I got attracted to the field of Intellectual Capital about four years ago. From the very beginning I wanted to address the question of how to commercialize the concept of Intellectual Capital, because then and only then would the concept find widespread mainstream acceptance. With this background, I deliberately focused on the fourth suggestion made by Stewart – valuing Intellectual Assets. I reasoned that if I could devise a reasonably accurate method of valuing the Intellectual Capital of a firm at a point in time, this information could be used by potential investors for their benefit. And the more the investors benefited, more would be the acceptance of the concept. The ICTracker product was born out of this thinking. At the present time, ICTracker calculates the Intellectual Capital of the top 50 listed Indian firms once every quarter. The Intellectual Capital thus calculated is added to the published Networth of the firm to get the total firm value, which is then compared against the prevailing Market cap to make an assessment of whether the firm is over valued or under valued. The algorithm used for calculating the Intellectual Capital of the firm is based on the Intangibles Scoreboard methodology by Gu and Lev (2002). The basic approach advocated by them has been modified by me to take care of troublesome real life concepts such as minority interest, goodwill, accounting intangibles, risk premium, liquidity premium, preferred capital, employee stock options, etc. These modifications result in an output that can be practically used by investors to beat the broader market index itself.
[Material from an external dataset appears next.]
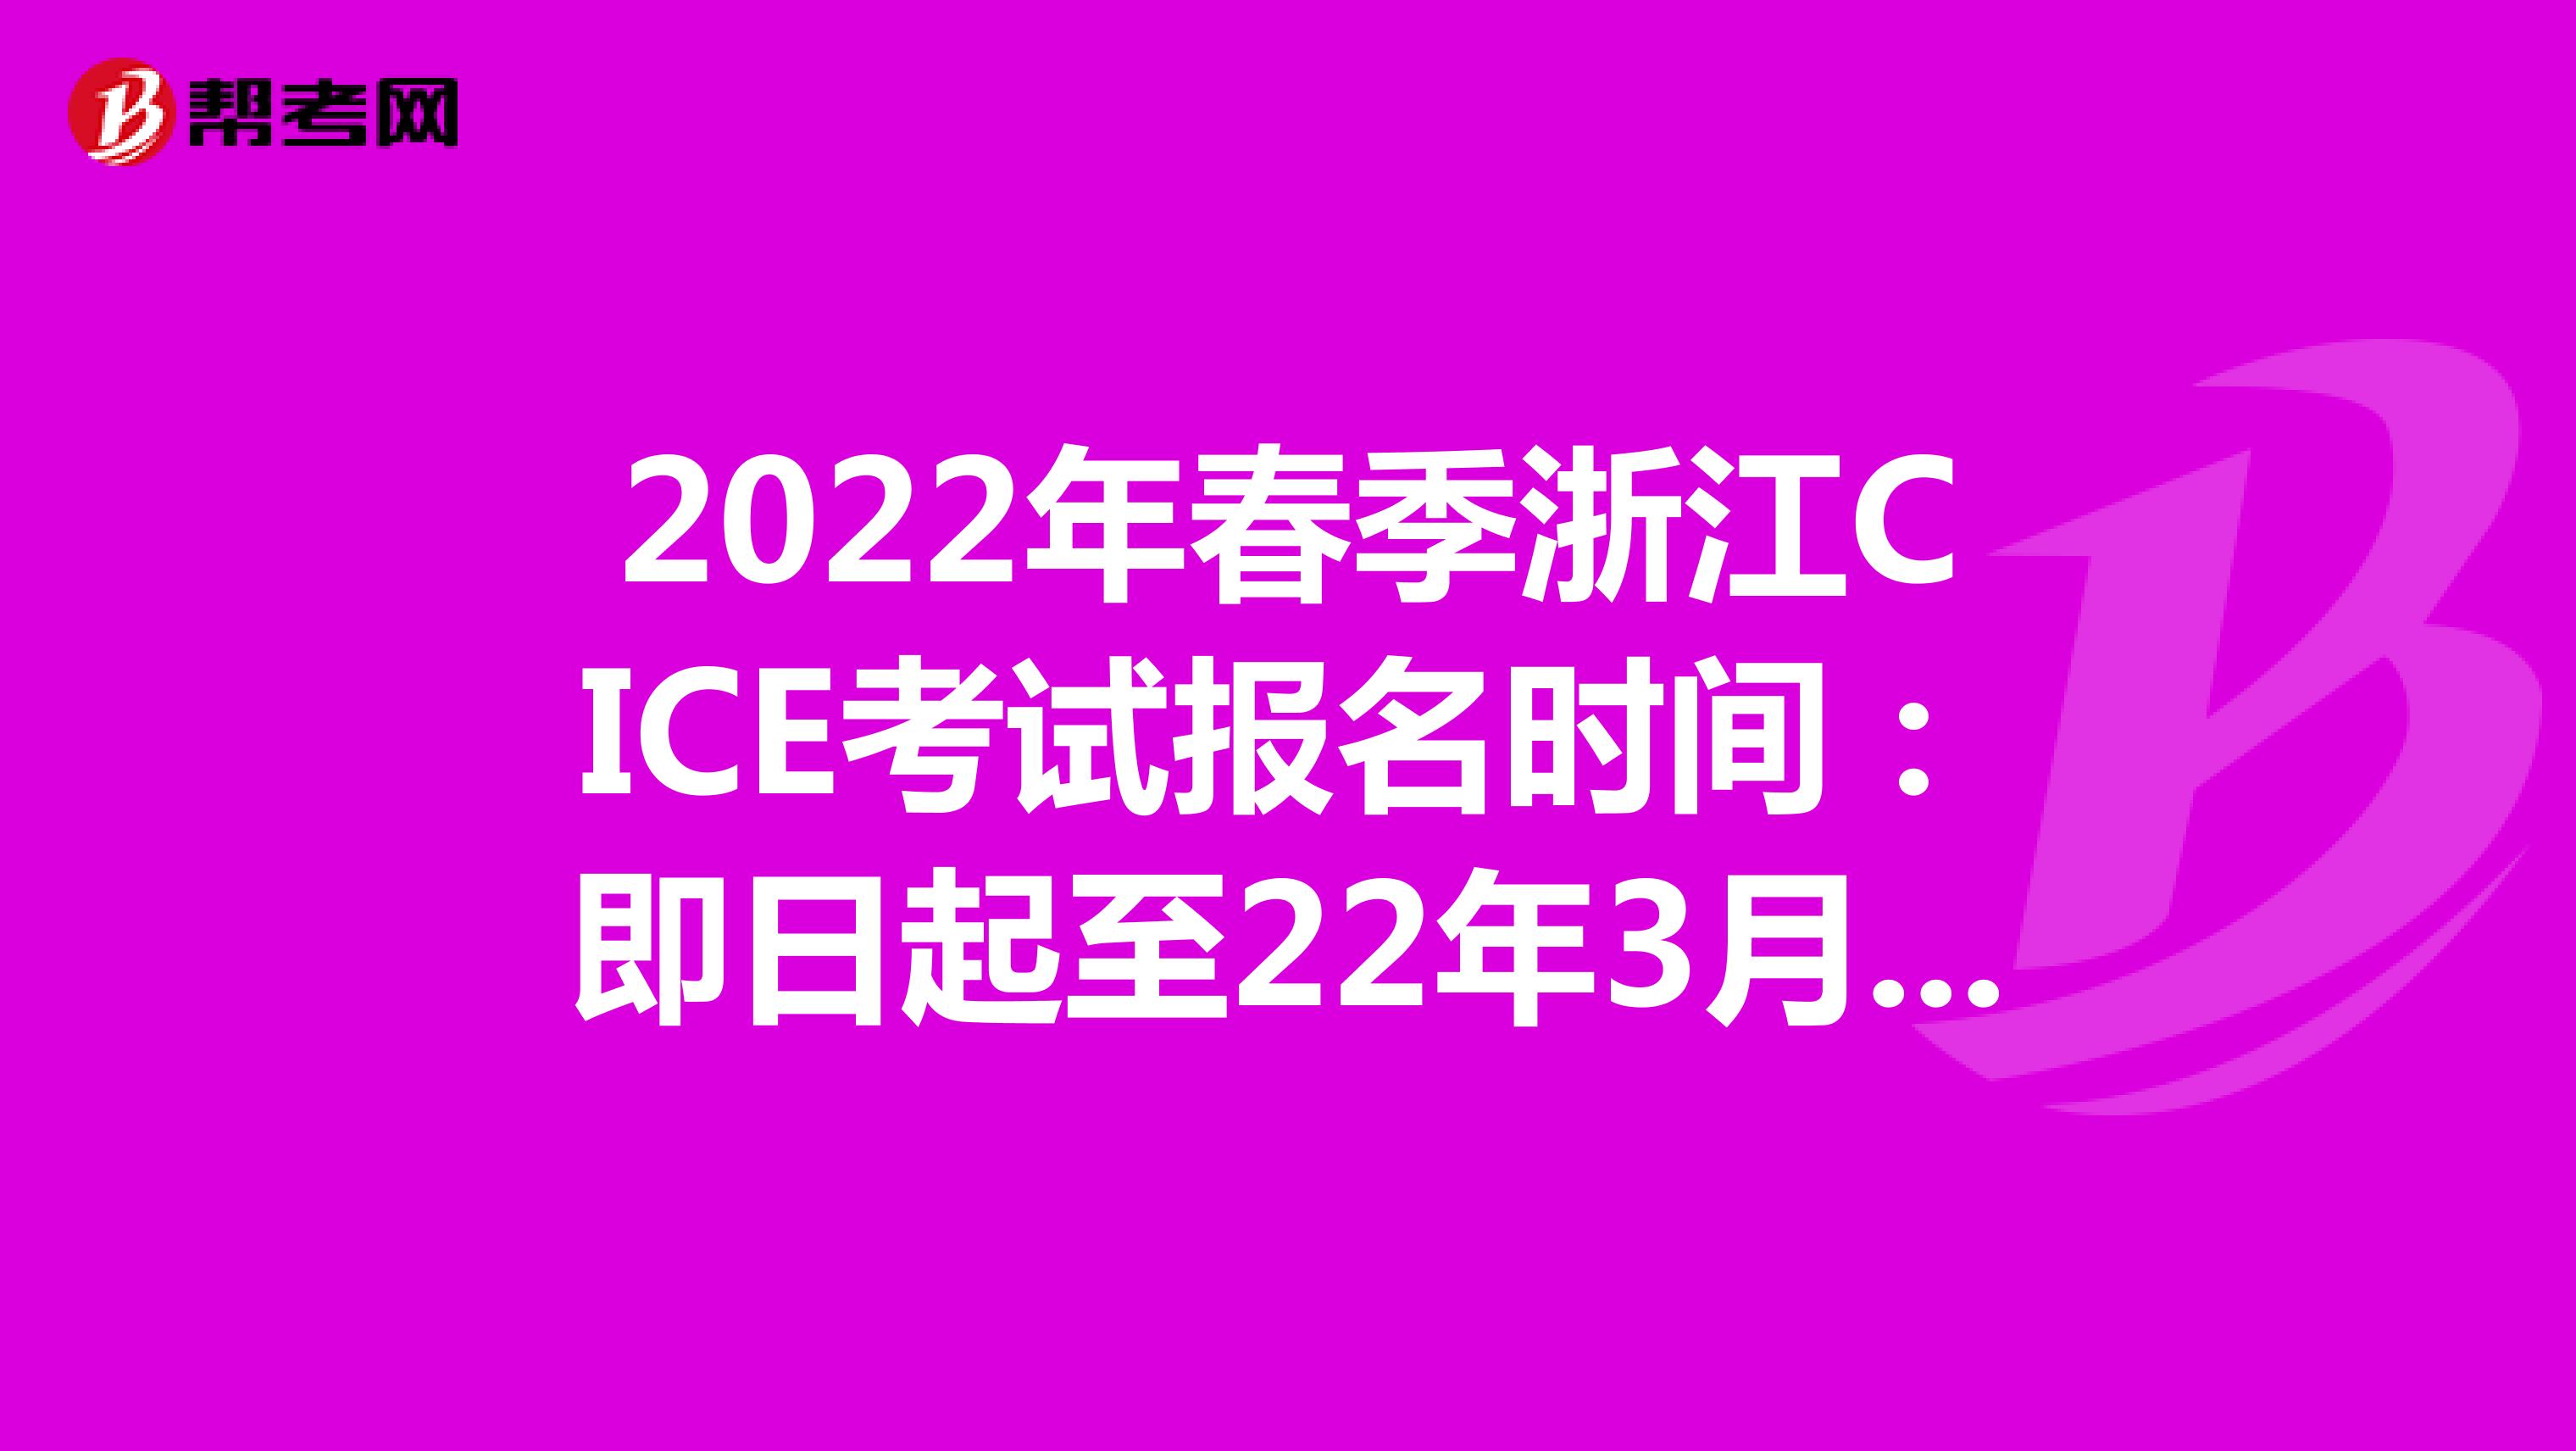 2022年春季浙江CICE考试报名时间：即日起至22年3月31日
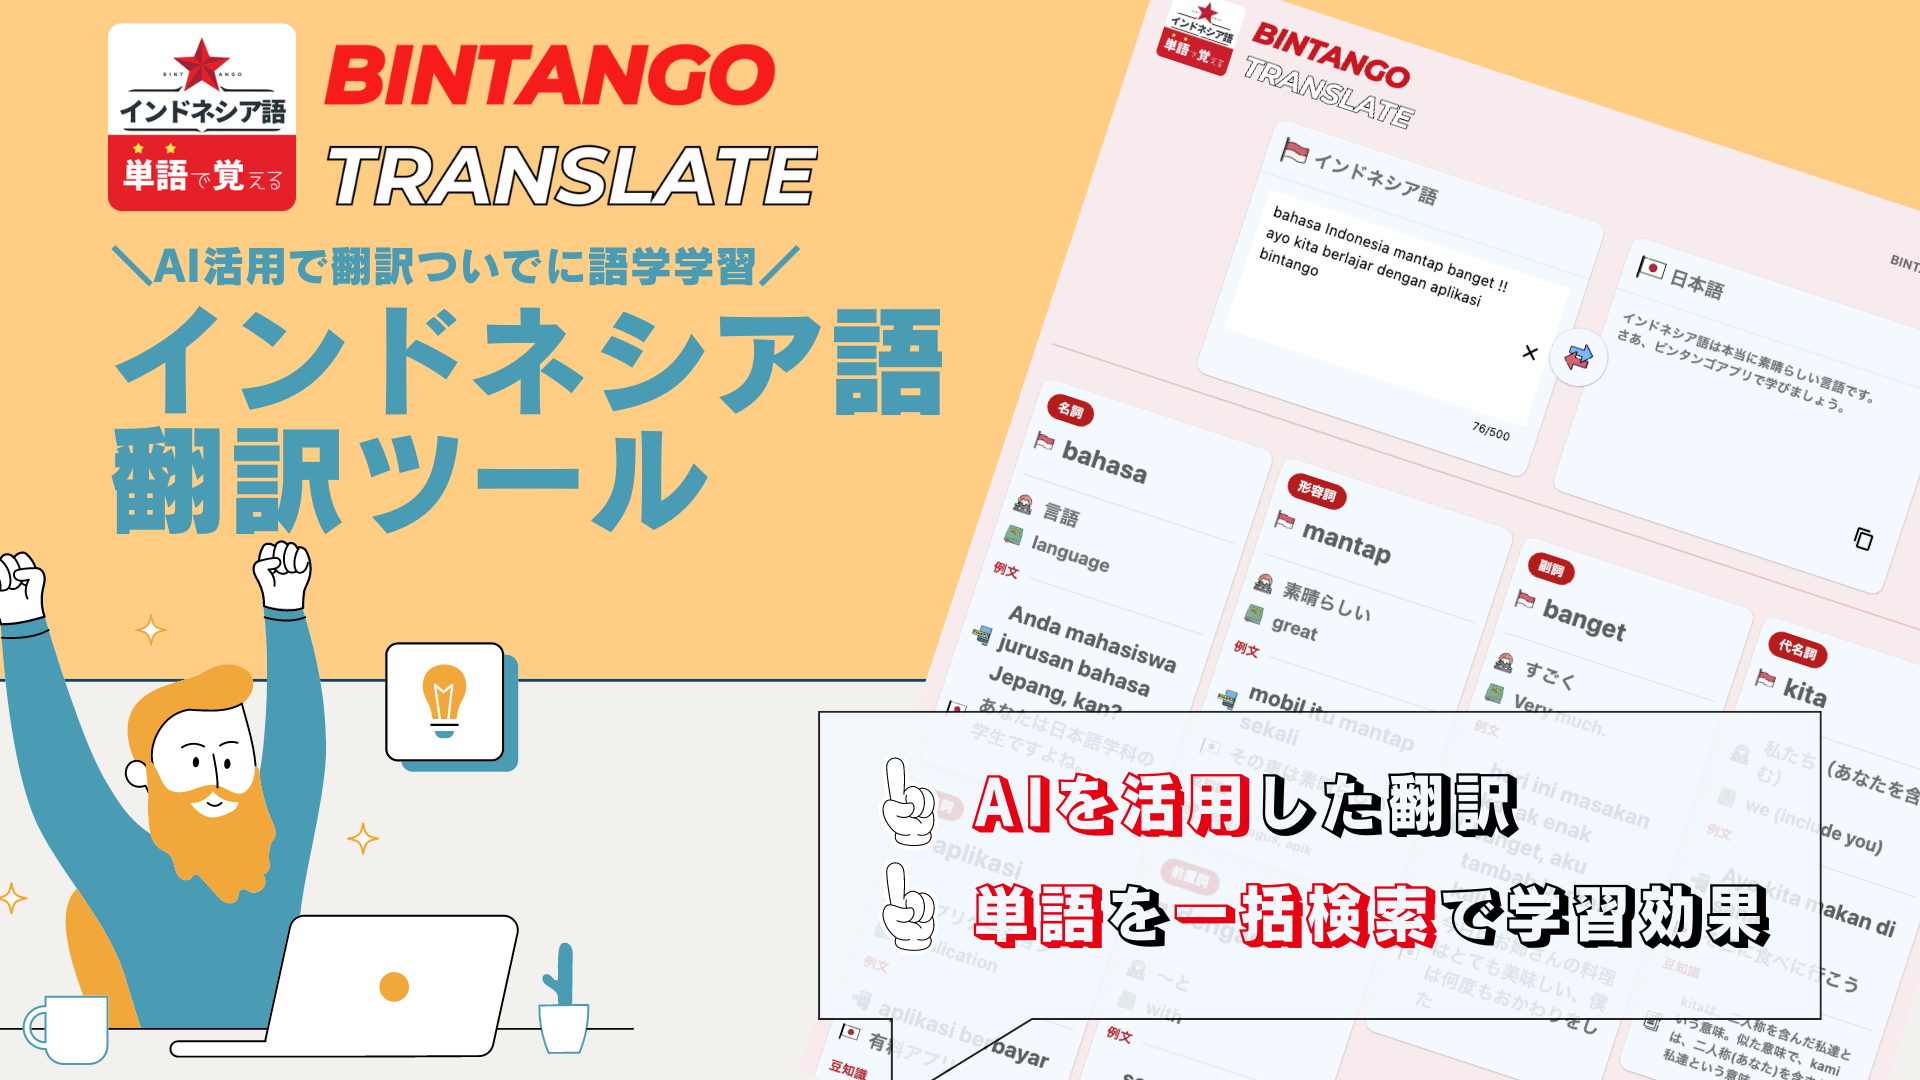 インドネシア語 AI翻訳&一括辞書検索ツール『BINTANGO Translate』の使い方を紹介

Calculations made by me show that over a period of five years from Jan 2006 to Dec 2010, predictions from the ICTracker would have resulted in a gain in excess of 43% over the Sensex and the Nifty indexes.
More importantly, I have been able to simplify the process of stock picking using the concept of Intellectual Capital into three easy steps. The first step is to check whether the firm is making money - not profits but cash. We use EVA for this purpose, which calculates the excess money the firm has leftover after paying its cost of capital. So to begin with we look for firms that are making money every quarter. Secondly, we look for the knowledge content of the firm – is that excess money coming from tangible assets or intangible assets? In general, we prefer firms that are making money from intangible assets since they have a competitive advantage in the marketplace that is hard to replicate. For this we look at the Knowledge Basis of the firm – the ratio of the firms Intellectual Capital to its total worth. We want to pick firms with a high Knowledge Basis compared to the rest of the firms in the industry. Having selected firms that are making money and that have a high Knowledge basis, the final step is to look at whether the firm is undervalued. That is the signal to make an investment in the stock, since investors will always want to buy low and sell high. That’s it. That is how simple I want the practical application of Intellectual Capital to be. As I said earlier, the product is limited to the top 50 Indian stocks at the present time but I am making efforts to include all Indian stocks in the future. If I get there, I will then focus on stocks in other Knowledge markets. Meanwhile, I invite you to comment on what else can be done by IC practitioners to increase the widespread adoption of Intellectual Capital and bring it to the mainstream.